Oh, and “I like to take ten of them” is something no one has ever said unironically, and described it that way, it “feels so good”. I’ve never heard someone describe drugs that way. Because they don’t. That’s what you say about a massage. Or something with your significant other behind closed doors. Something you’re feeling in real life. You know who would say that? Someone educated by 1950’s anti-drug propaganda. Who thought they talk like that. And no one had called meth “Crystal” since the 90’s.
My turn in line:
Me: Hey, it’s Jordan.
The Window: Yea. Whaddya need?
Me: Umm… One gram and one-and-a-half grams of h in separate bags. And a half gram of clear.
The Window: Alright, we’ll bring it to the door.
They were constantly changing the order of how things were done. Depending on who was working the window.
It’s her turn at the window. She pulls out what appears to be a Ziploc bag. A big Ziploc bag. Full of change. The curtain is down so no one can see inside the window. This is purposeful and the norm here. They have to open the curtain for her to explain.
Window: Whoa! We can’t take that much change.
Lady: I’m really sorry. It’s all quarters.
Window: How much do you think is there?
Lady: I don’t know.
Window: You didn’t count it!?
Lady: No. I didn’t have time.
Window: Hey. There’s a store on the corner. The owner is Sam, he’s a friend. Take it to him and bring back cash.
Security opens the door and hands me my order. He always looks me in the eyes while he hands it to me. As if to look in my soul to see if I’m the one. It’s going to be someone. Is it me or the weirdo at the window. In this business, in this world, there is always a betrayal in motion. Who is it going to be?
Seven days later the first of three raids were conducted by the FBI. ATF, and DEA. I’ve seen many videos from the scene that day. Luckily, I had just missed it, that time.

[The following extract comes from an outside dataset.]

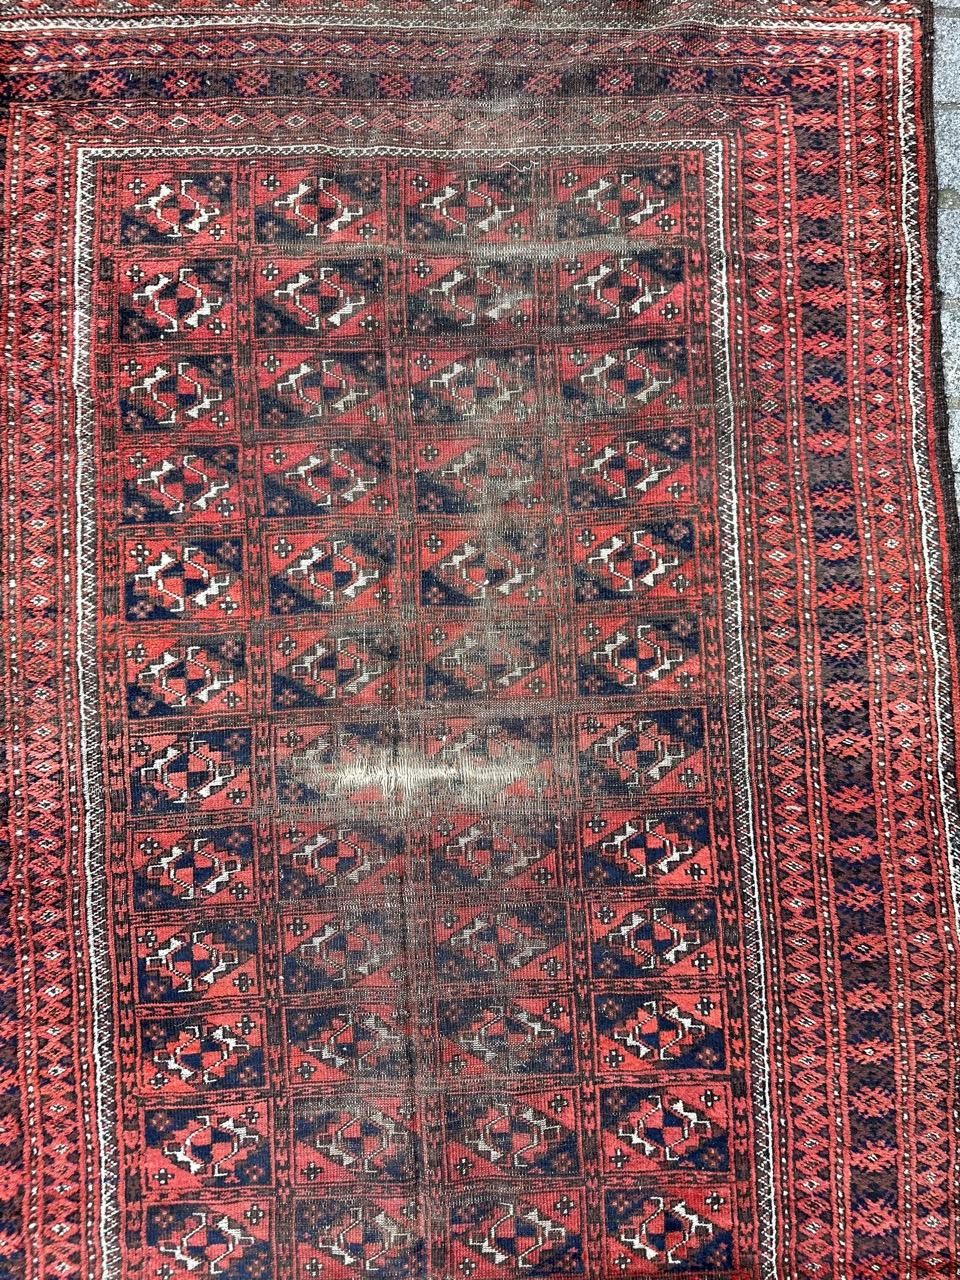 Tribal Bobyrug’s nice antique distressed Turkmen rug For Sale

Public transit here in Louisville Kentucky is the TARC bus system.
They used two, full-sized TARC buses filled with agents in all black and assault rifles to conduct this raid. They drove the buses a block apart and simultaneously pulled them across the road on each end of the block. Blocking both lanes so no one could come or go in either direction. I wish I had a picture of this. Over a hundred black ants poured into the block and flash-banged every house. The Trap was their, first target. They knew where the most action was happening at.
They shot their dog, a very nice boxer who loved everyone but me for some strange reason, flash-banged the house through the window, kicked the door and shot out the bottom of the toilet as the drugs were flushing. It wasn’t fast enough. Three arrests, a bunch of citations and a lot more evidence was gathered.
At the time that I was in line with that lady, I thought she was just very odd. The events that followed however, led me to believe, and I still believe, that everything she did was very calculated. That lady, without a doubt, was sent in by whatever one of the 3-letter-agencies she works for to see how things were being operated for a final time before they went in. It’s crazy to think how many more like her that they sent in. There’s no chance that she was the only one, maybe the most obvious, but she just seemed very odd at the time. She manipulated herself in, through the line, and got them to open the window. In the Discovery evidence one of the defendants on this case described to me a picture that was taken through the window with the curtains up. He didn’t understand how they had gotten that picture, but it made perfect sense to me. My mind jolted back to this moment.
Four hours after the raid they were reopened on a different block, and I was there getting my fix for the day.